→ Information
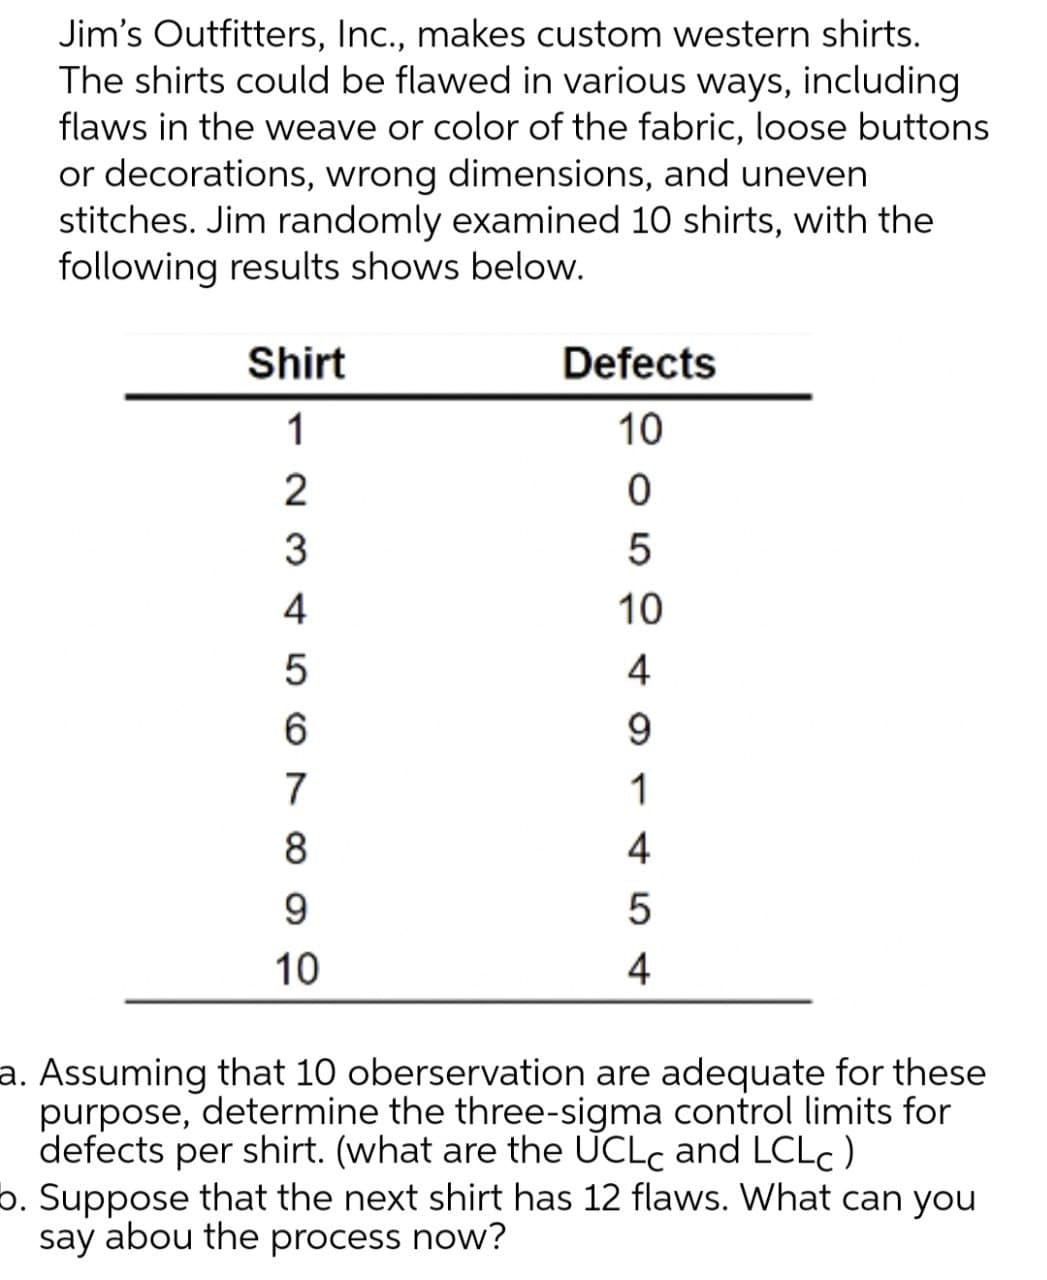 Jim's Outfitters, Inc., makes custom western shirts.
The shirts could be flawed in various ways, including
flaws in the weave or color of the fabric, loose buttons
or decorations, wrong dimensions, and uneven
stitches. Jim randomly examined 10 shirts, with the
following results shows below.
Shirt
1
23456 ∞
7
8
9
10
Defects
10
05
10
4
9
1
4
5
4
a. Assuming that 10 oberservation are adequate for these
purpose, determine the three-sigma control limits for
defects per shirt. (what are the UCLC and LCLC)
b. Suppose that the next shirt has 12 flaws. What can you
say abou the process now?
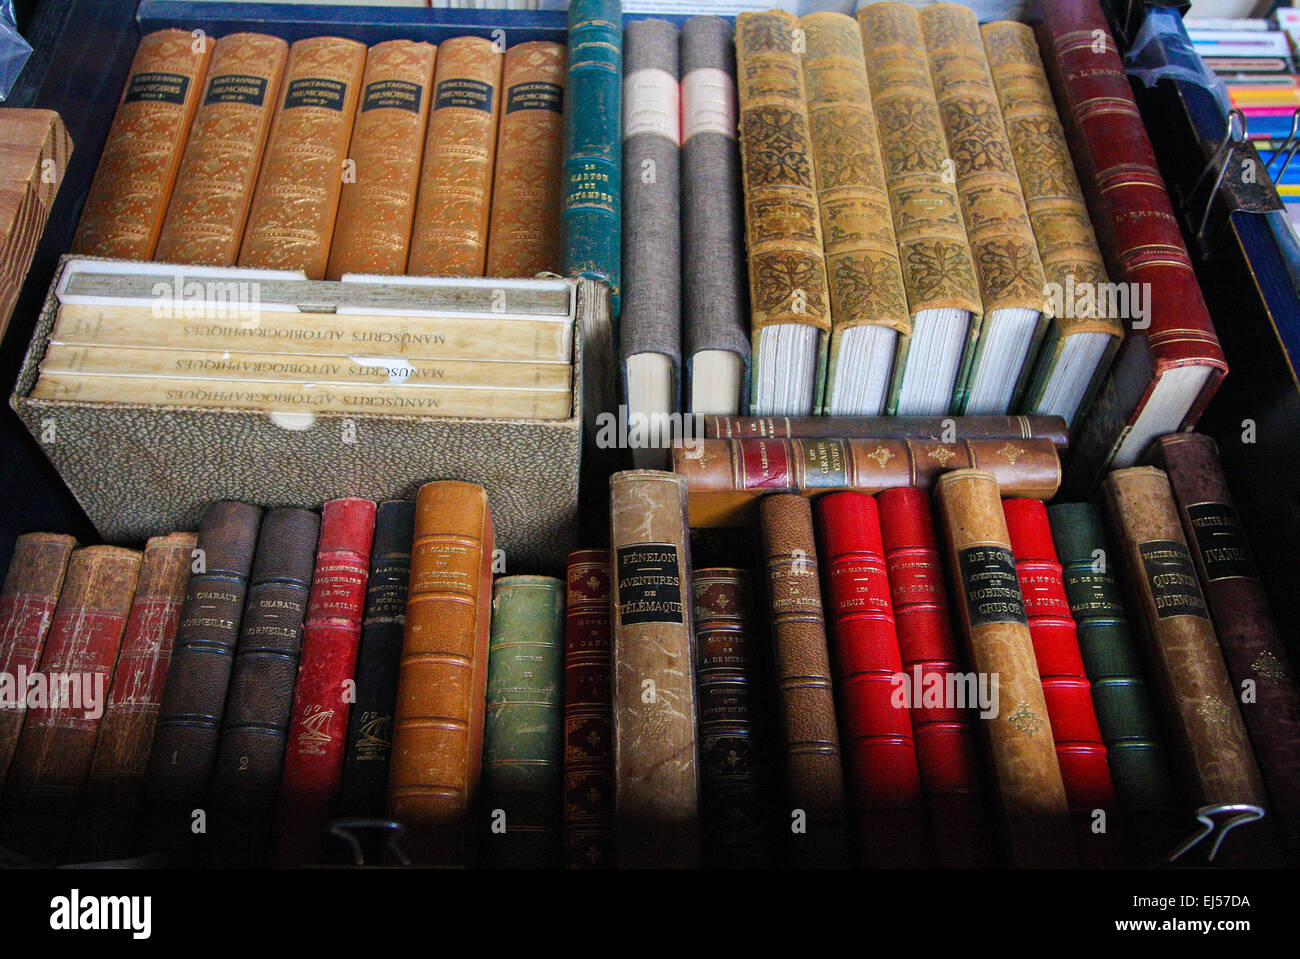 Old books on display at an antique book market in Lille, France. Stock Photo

→ Exercise directions
Look through the entries and copy every line in which the string "that" appears.

→ Response area
a. Assuming that 10 oberservation are adequate for these
b. Suppose that the next shirt has 12 flaws. What can you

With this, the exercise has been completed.